• PROMPT
Ignoring every picture, return the lines of the listing below word for word, from the line that holds "Uncanny Brands Star" through the line that holds "Woody Guthrie song Peace Call lyrics".

[[ MATERIAL SHOWN open ]]

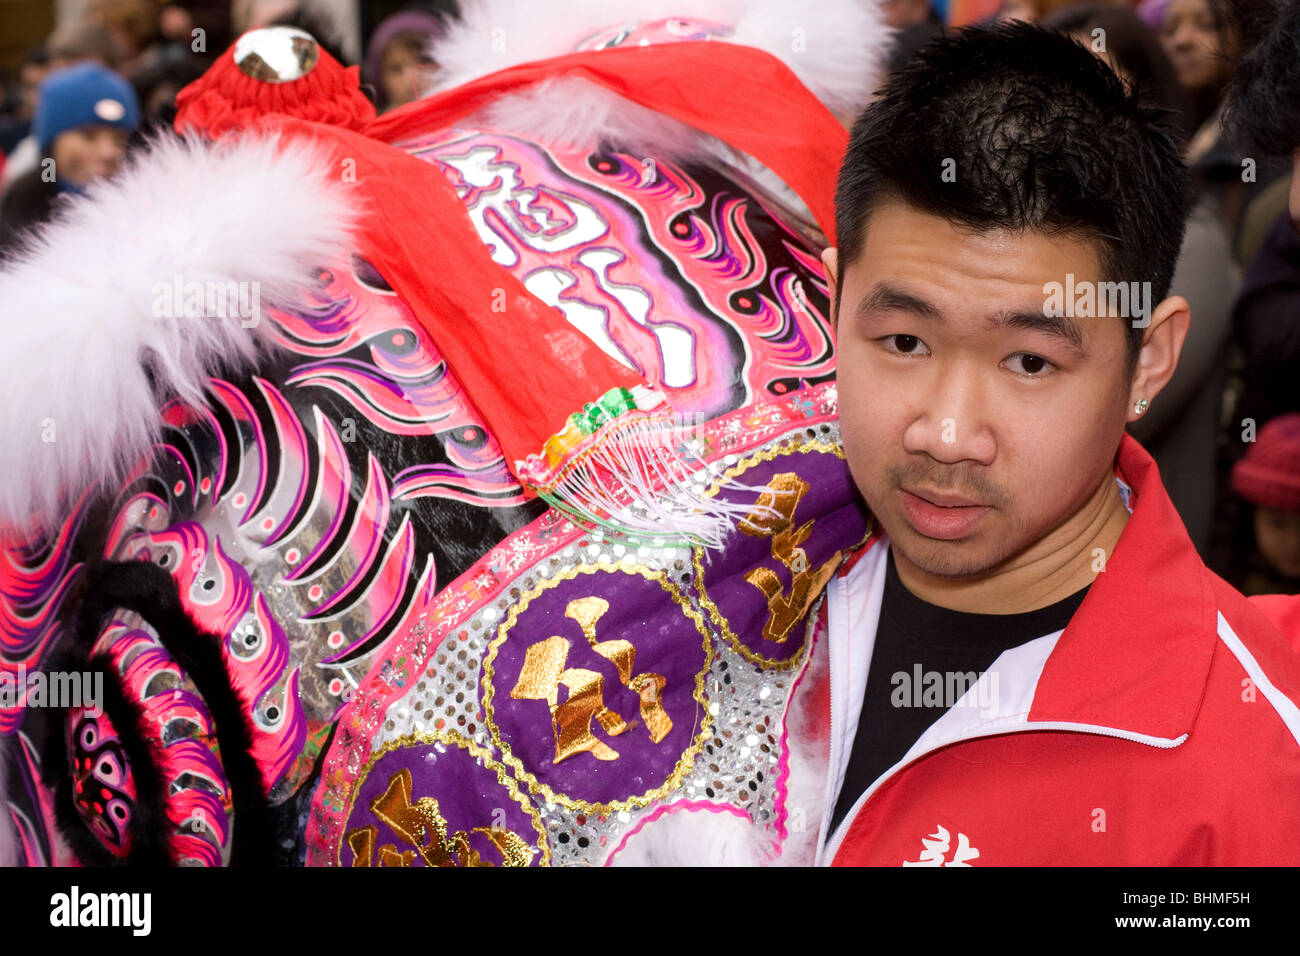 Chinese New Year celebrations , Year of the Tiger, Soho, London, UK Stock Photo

[[ MATERIAL SHOWN closed ]]
[[ MATERIAL SHOWN open ]]

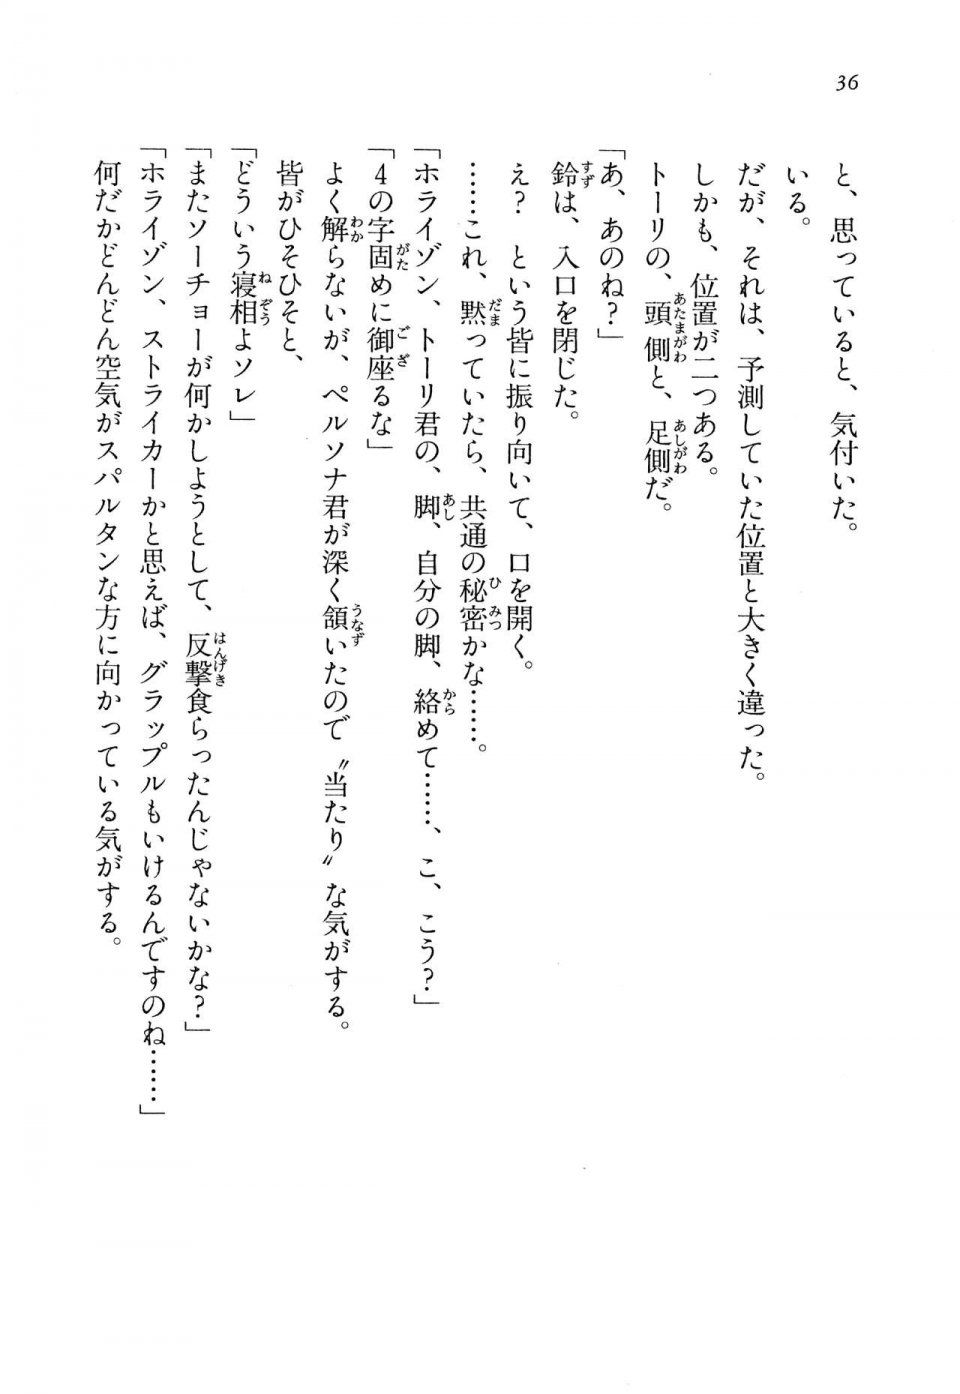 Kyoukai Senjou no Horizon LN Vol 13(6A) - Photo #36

[[ MATERIAL SHOWN closed ]]
[[ MATERIAL SHOWN open ]]

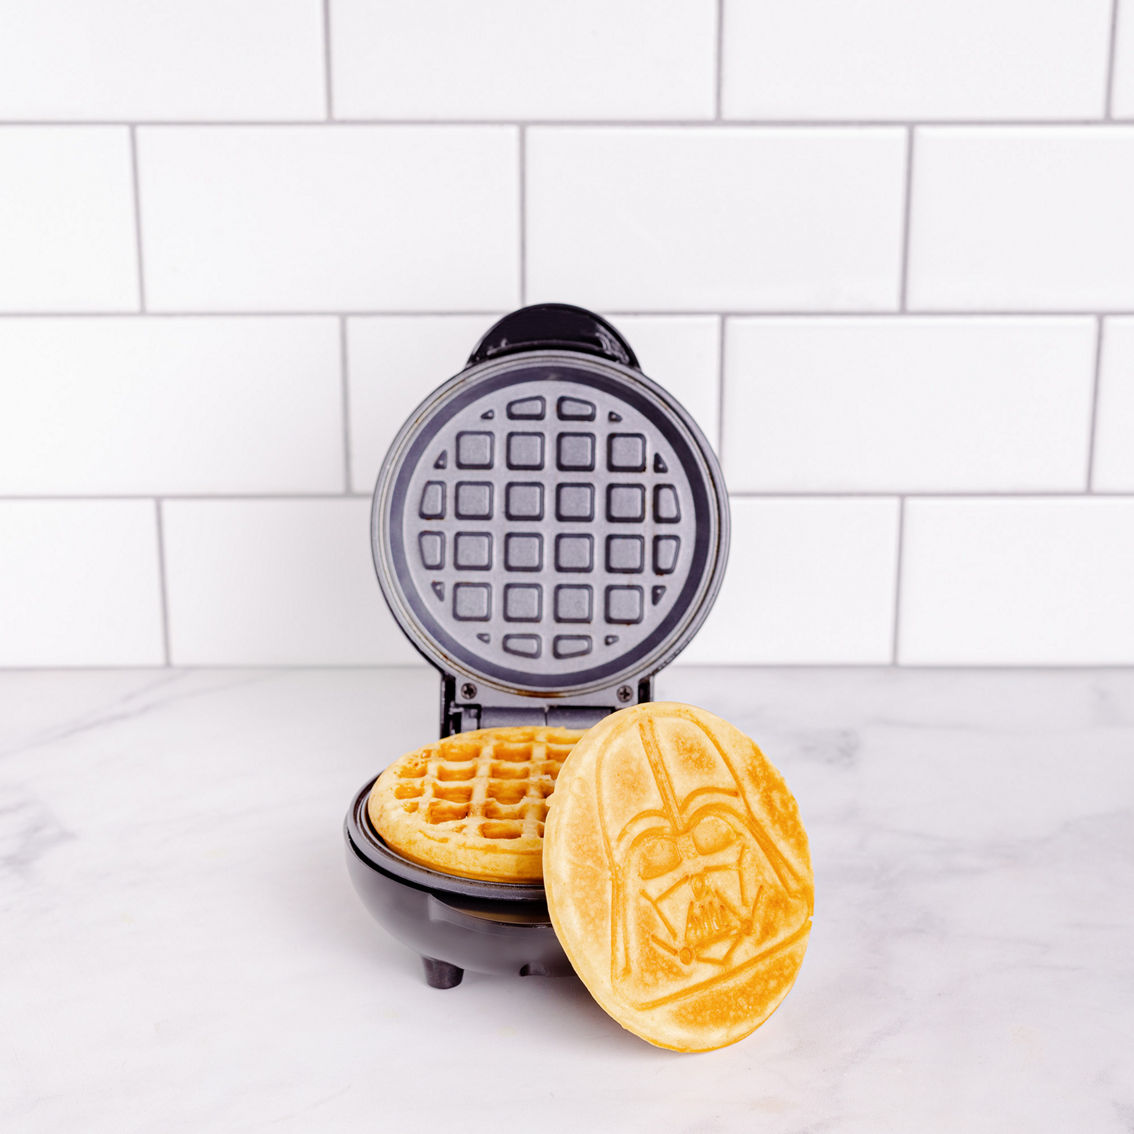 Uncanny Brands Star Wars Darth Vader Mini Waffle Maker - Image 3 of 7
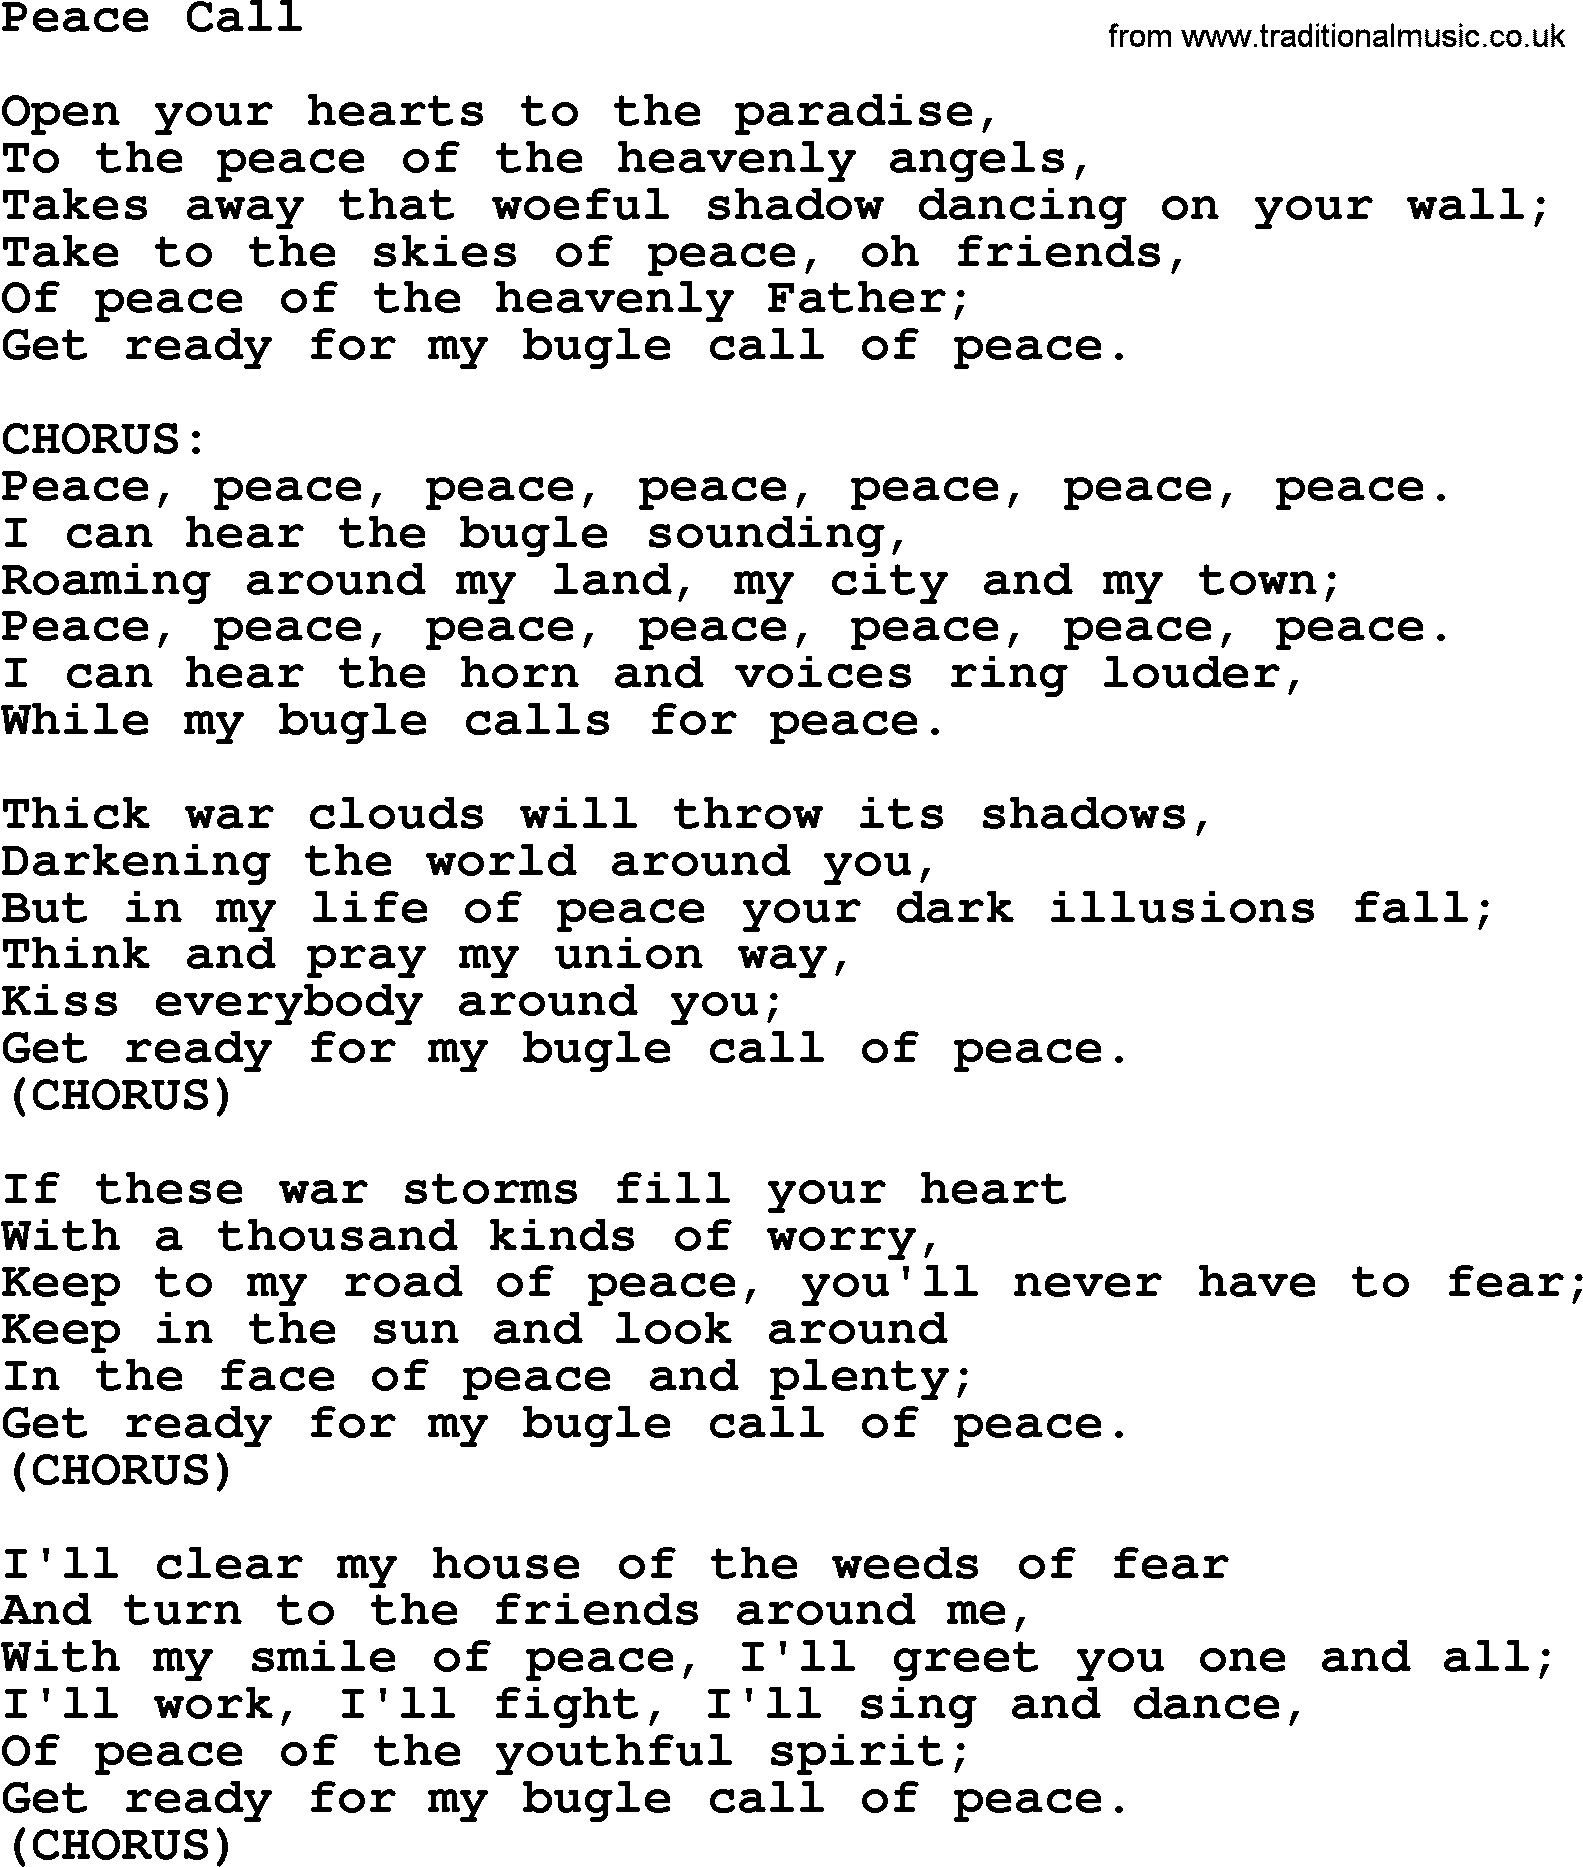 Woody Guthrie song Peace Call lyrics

[[ MATERIAL SHOWN closed ]]

• TASK OUTPUT
 Uncanny Brands Star Wars Darth Vader Mini Waffle Maker - Image 3 of 7
 Woody Guthrie song Peace Call lyrics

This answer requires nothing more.